The estimated coefficients that meet this criteria are then called least squares coefficient estimates.

To do this, the SSE equation above is differentiated with respect to each of the parameters $b_0, b_1, b_2, \dots$

All these derivatives are set equal to 0, and these equations are solved simultaneously. In practice, this is done using matrix algebra, which is typically wrapped with a high-level API in a computational implementation.

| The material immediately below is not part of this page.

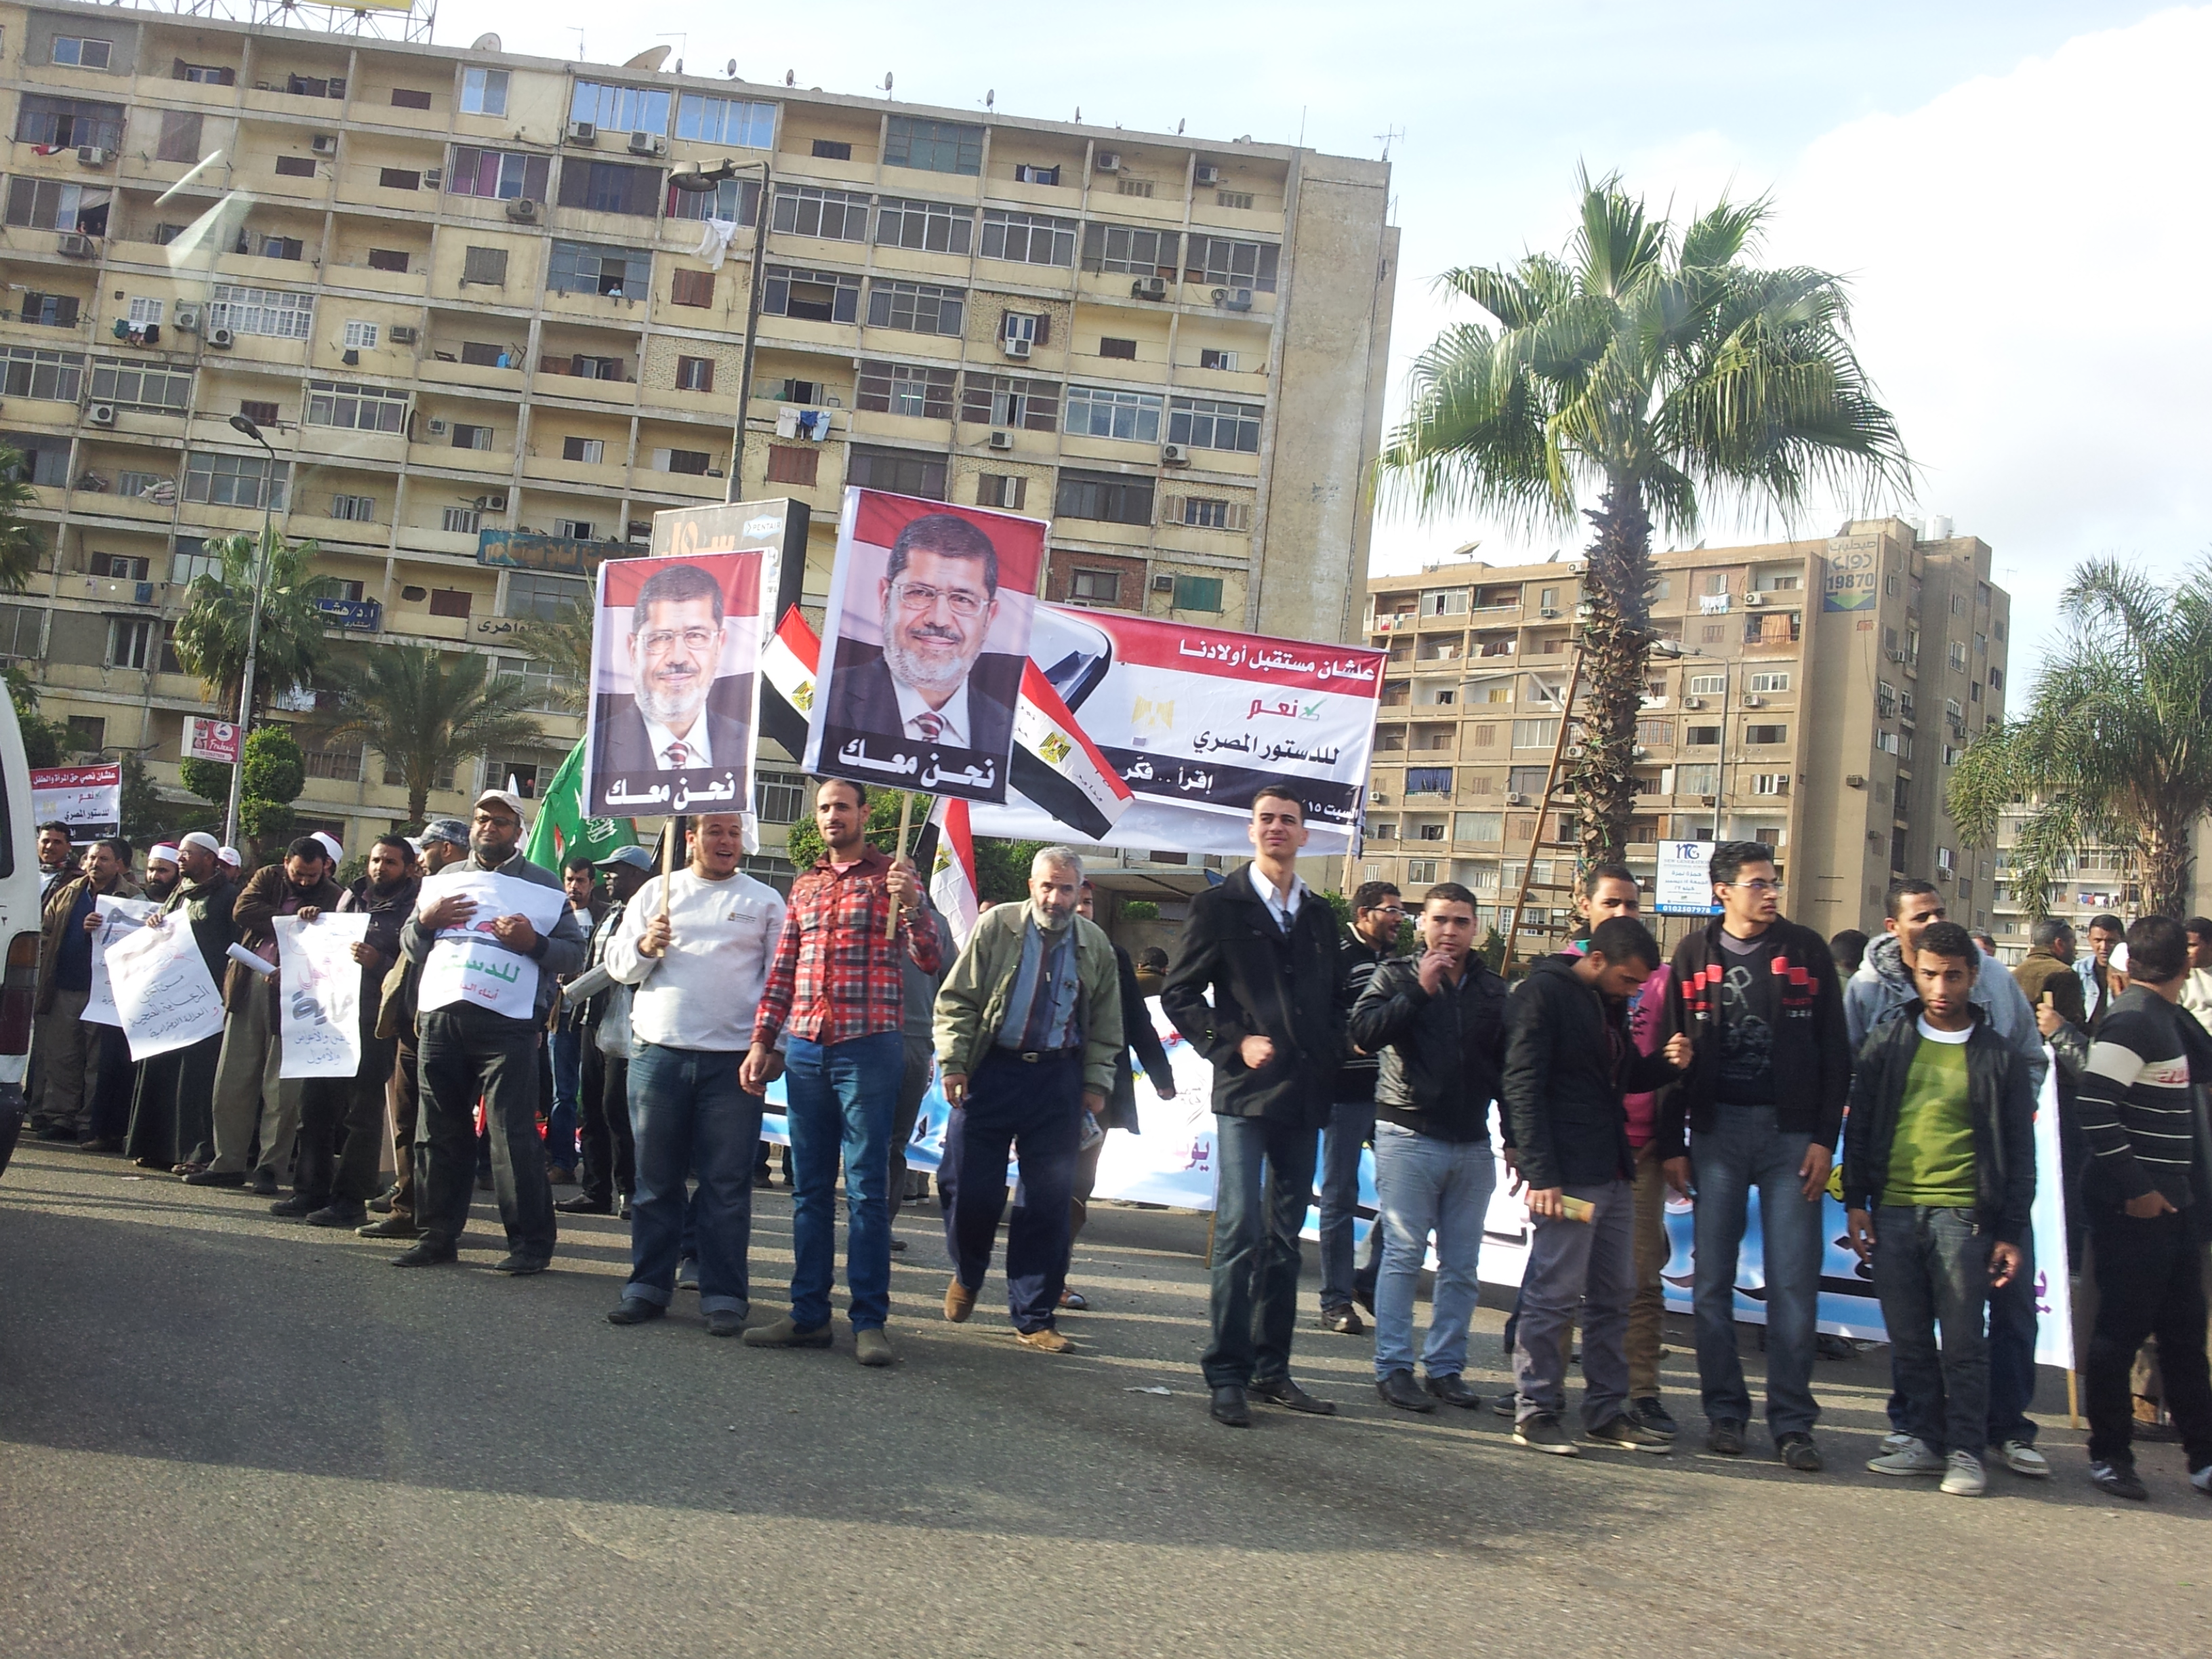 Pro-Morsi supporters at Rabaa Al Adaweya at around 2 p.m.

Linear Regression with Scikit-Learn

We can use scikit-learn to do basic linear regression:

In [6]:
from sklearn import linear_model
In [ ]:
def noisy_line(x):
    m = 4
    b = 1
    return m*x + b + 2*np.random.randn(*np.shape(x))

def noisy_line_model(x,y):
    lr = linear_model.LinearRegression()
    lr.fit(x,y)
    return lr

def noisy_line_fit(x,y):
    lr = noisy_line_model(x,y)
    return lr.predict(x)
In [ ]:
N = 30
x = np.linspace(0,5,N).reshape(-1,1)
y = noisy_line(x)
yhat = noisy_line_fit(x,y)

#print(yhat.shape)
fig, ax = plt.subplots(1,1,figsize=(4,4))

ax.plot(x,yhat,'g:',label='fit')
ax.plot(x,y,'go',label='data')

ax.legend()
plt.show()
In [ ]:
#print(help(linear_model.LinearRegression))
In [ ]:
m = noisy_line_model(x,y)

print("\nR^2 = %0.4f"%(m.score(x,y)))
print("\nCoefficient vector = %s"%(m.coef_))

Interpretation

Cannot necessarily interpret approximated coefficients as "amount of change in $\hat{y}$ for a unit change in $x_j$"... This assumes that the coefficients are completely independent

In order to determine how good this assumption is, regress the input/predictor variable $x_j$ on all other variables (i.e. find $x_j$ as a function of all other input/predictor variables + constant)

The residuals from this fit are $r^{\star} = x_{ij} - \hat{x}_{ij}$

The coefficient estimate $b_j$ measures the change in the response due to a unit change in $r^{\star}$, not in $x_{ij}$.

If $x_j$ can't be predicted by other variables, then $r^{\star} \approx x_{ij} - \overline{x}_{ij}$ (where overline = average value)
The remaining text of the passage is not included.